Malcolm Viner advised me to get that un writing. He’s right, I know, but I don’t
want to inflame the situation, it’s nearly almost just about OK. Grace will be
grown up anyway by the time the lawyers have finished dipping their fingers
into our arrangements.

 

‘Daddy? My noise has
stopped.’

‘What
noise?’

‘My big
noise. My shouting noise. Hey, I just realized, it’s gone.’ Grace and I were
sitting in what used to be Tania’s spot on the old Muffin and Ketts sofa,
having finished a supper of Batman spaghetti and fish fingers.

‘When
did it go?’ I asked.

‘I don’t
know. It was very angry.

‘A very
angry shouting noise?’

‘Yes,
like monsters. And drums.’

‘Oh,
yes. I know what you mean.

‘Did
your shouting stop, Daddy?’

‘Yes,
it did, I think.’

‘Where
did you put it?’

‘I don’t
know. I think it must have just got bored and went away.

‘Is it
coming back?’

‘I don’t
think so. I hope not.’

‘Why?’

She was
tugging my ear lobe hard now with one hand, and sucking her thumb with the
other.

‘I’m
not going to start all that “why” stuff, Grace. It’s way past your bedtime; you
should’ve been asleep ages ago.

‘If it
comes back, I’m going to bite it hard on its bum so it cries.’

‘Good
idea.’

‘I’m
going to kill it.’

‘You do
that.’

We sat
for a moment in silence. The strip-joint tape loop started up again below.

‘Daddy?’
She was a little bit sleepy now and ready for bed. But what the hell, we could
crash on the sofa.

‘Yes?’

‘Why
are we all alive?’

I
suspected Grace’s new teacher at big school was a born-again. Grace had been
coming back with a lot of ‘Baby Jesus’ stuff since the end of the summer.

‘Erm.
How do you mean? Do you mean like Baby Jesus, and because God loves us and that
sort of thing?’

‘Naaoooo,’
she said, as if I was being really stupid — well, I was being really stupid. ‘I
don’t mean songs. I mean why is Mummy alive and you, and Granny Joy, and
Jasmine and Jasmine s mummy and Freddie and … robbers, and everybody in the
whole world.’

‘Well,
nobody really knows why. Lots of people think up things which might be true,
but nobody actually knows.’

‘You
know lots of things.’

‘Yes,
but I don’t know everything. Even though you’re only five, there’s still some
things you know that I don’t know.’

‘You
mean like
Teletubbies?’

‘Exactly.
I’ve no idea what they are. I don’t know everything, you see.’

She
paused to consider this deeply, and then suddenly jumped like Archimedes.

‘Hey! I
just thought! Maybe we all just
fell
alive. And then we couldn’t get
back.’

‘Yes,
that could be it.

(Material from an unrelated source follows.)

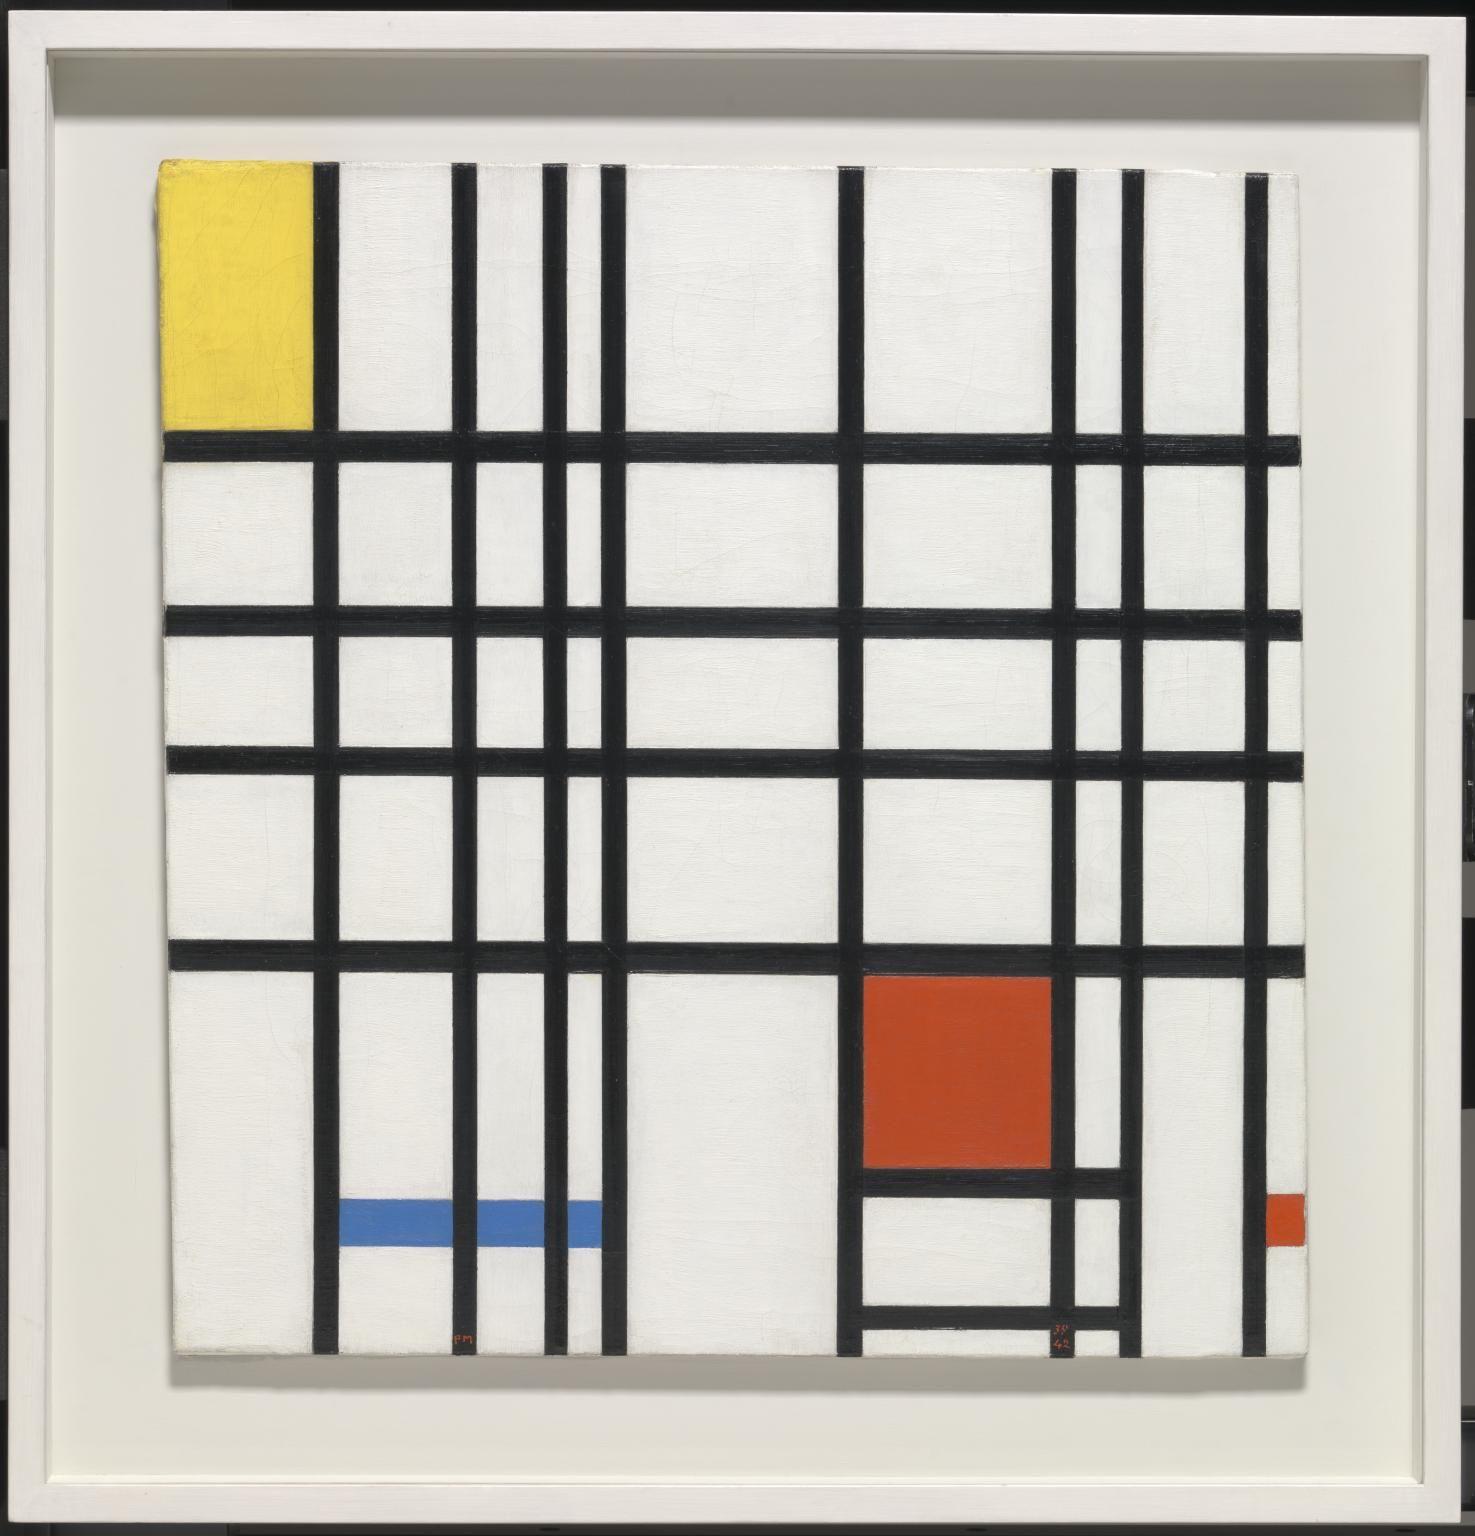 Red and Yellow Square Logo - Composition with Yellow, Blue and Red', Piet Mondrian, 1937-42 | Tate
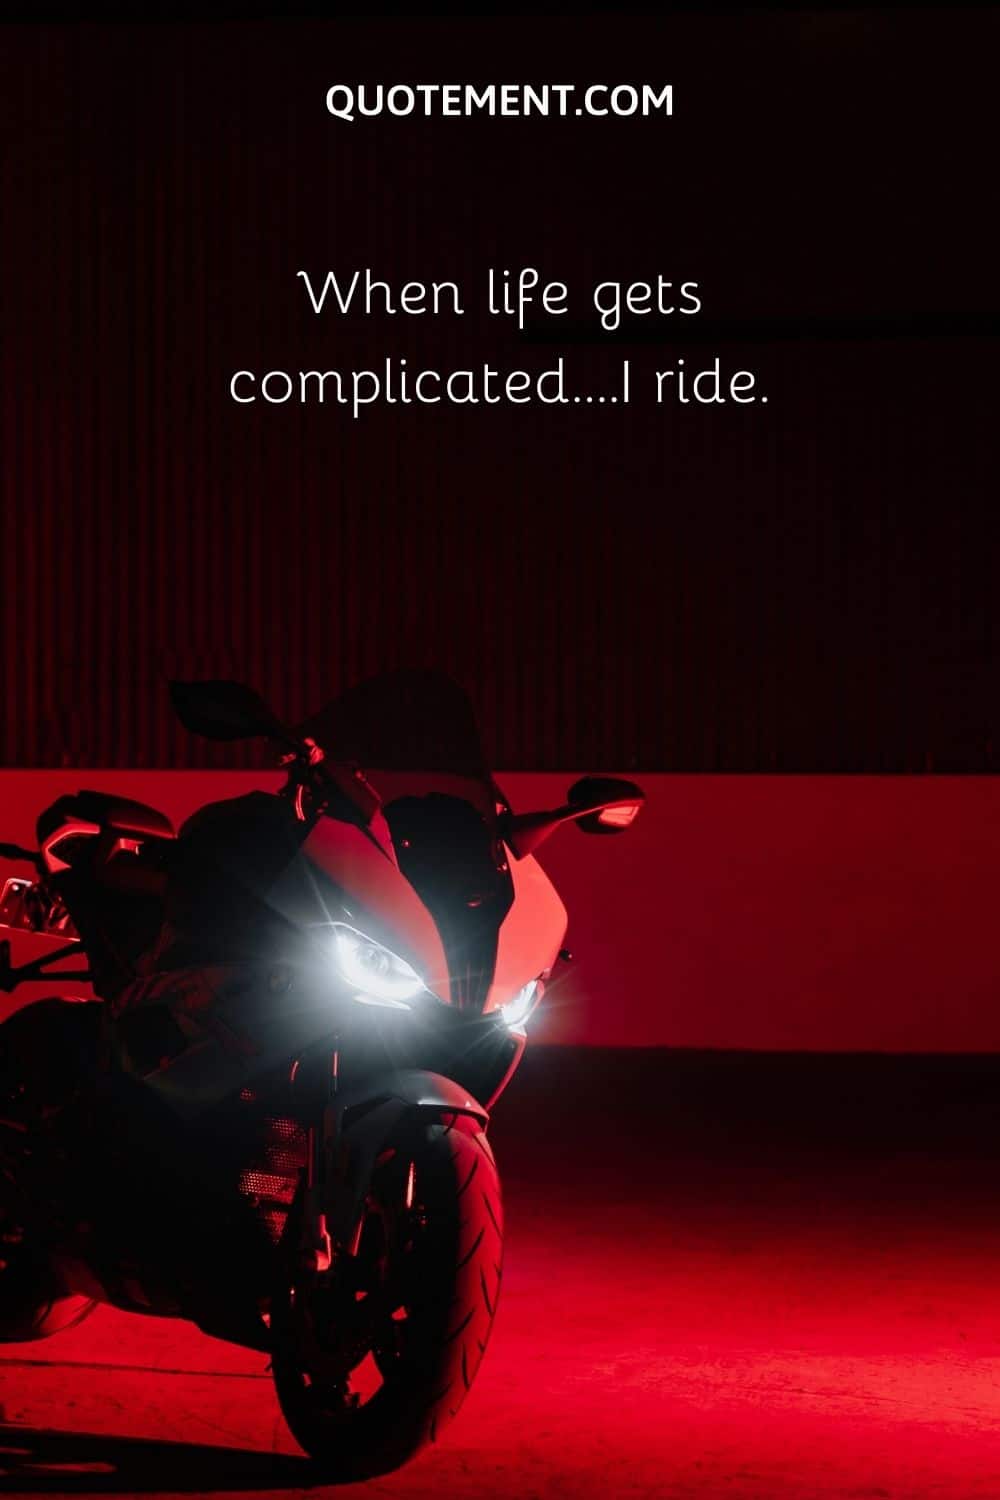 When life gets complicated….I ride.

We fell alive, and now we’re stuck here.’

Solving
the central problem of the universe seemed to satisfy her totally, and we
lapsed into thoughtful silence again. In the street below some Hooray Henrys
were pranking around slamming car doors, and girls were laughing loudly, but
that sound was separate from our peace. Grace trusted me that this was home.

‘Daddy?’
she said again.

‘Mmmm?’
I said nonchalantly, so as to induce torpor.

‘Do you
know what sex is?’ But I declined to answer.